There was a decrease in the loin pH at 1 h post-mortem (p < 0.05, linear and quadratic) whereas ultimate pH at 24 h post-mortem and loin color were not different among the CM treatments (Table 9). The change of loin pH is an important factor to determine the quality of pork because it is correlated with freshness, water holding capacity, tenderness, binding ability, pork color, texture, and shelf life [38,39]. This results may indicate that CM inclusion up to 18% with β-mannanase supplementation had no adverse effect on pork quality (loin pH and color), which is in an agreement with Kim et al. [13], who reported that there were no differences in loin pH and color when the pigs were fed diets containing up to 25% CM with β-mannanase supplementation.

4. Conclusions

The CM inclusion up to 12% in the growing-finishing pig diets with β-mannanase supplementation did not negatively affect growth performance, protein and fiber digestibility, or BUN concentrations of pigs. However, CM inclusion at 18% could negatively impact growth rate, protein, and fiber utilization even though β-mannanase was supplemented in the diets. The CM inclusion may have no detrimental effects on pork quality.
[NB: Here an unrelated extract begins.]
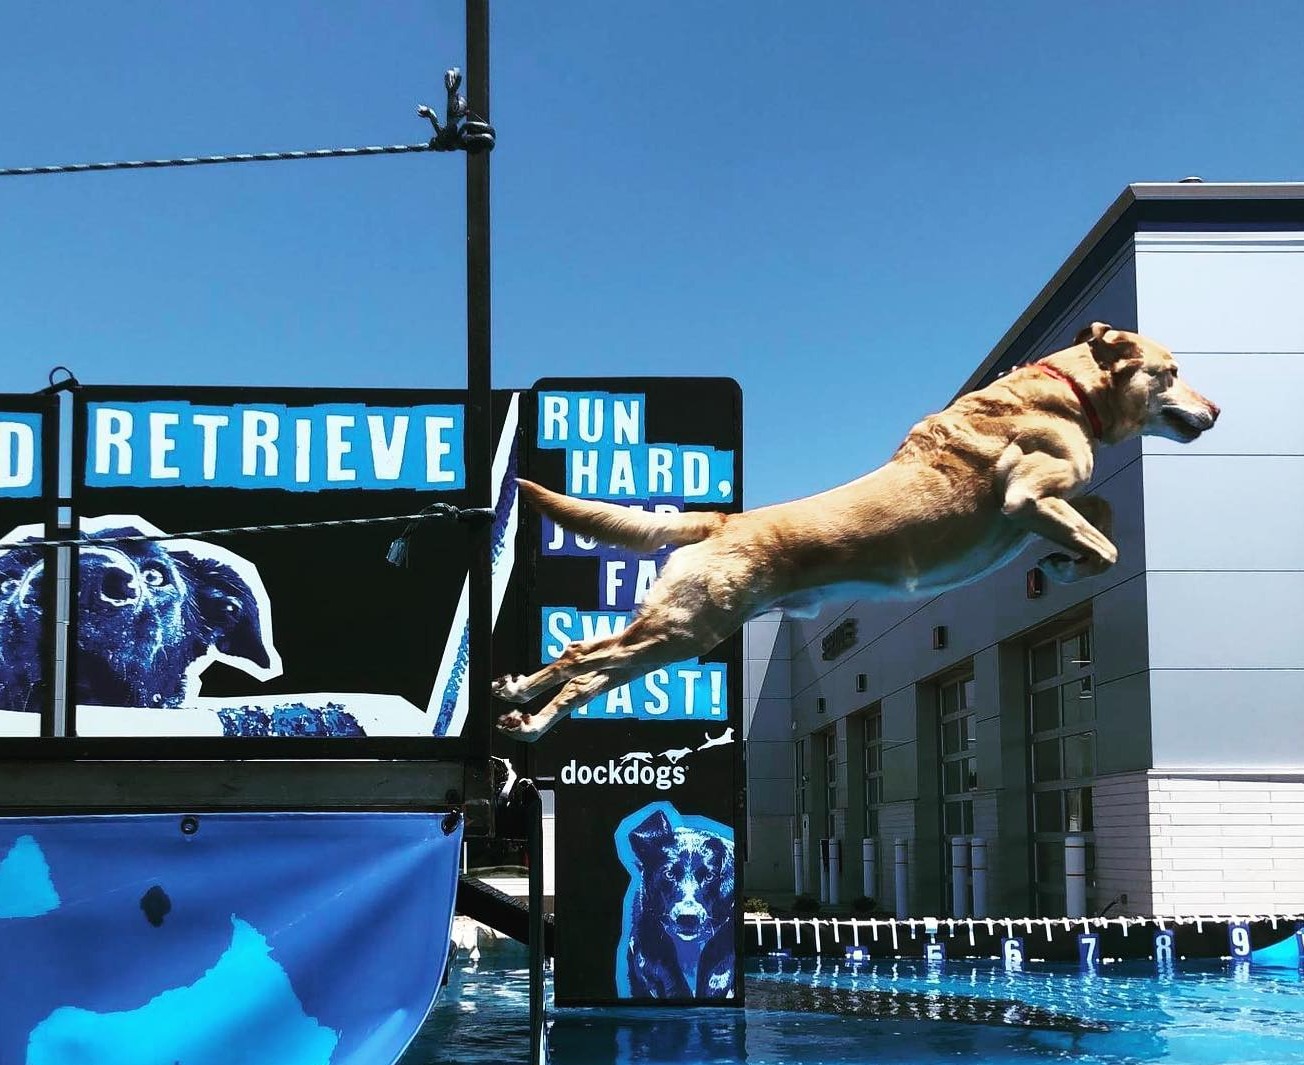 A fit yellow labrador is flying through the air with rippling muscles. His rear paws curl just off the edge of the dock. An advertisement for dock diving is in the background. The side of the dock and the pool are blue.

Therefore, CM could have the potential to be used in the swine diet up to 12% when the diets were supplemented with 800 IU of β-mannanase per kg diet.

Author Contributions

Conceptualization, D.H.K. and Y.Y.K.; methodology, D.H.K. and Y.D.J.; software, J.-C.J. and J.S.H.; validation, J.-C.J. and Y.D.J.; writing—original draft preparation, D.H.K. and J.-C.J.; writing—review and editing, Y.D.J.; supervision, Y.Y.K. All authors have read and agreed to the published version of the manuscript.

Funding

The present manuscript is based on research supported by Rural Development Administration (Republic of Korea; 500–20180039).

Conflicts of Interest

The authors declare no conflict of interest.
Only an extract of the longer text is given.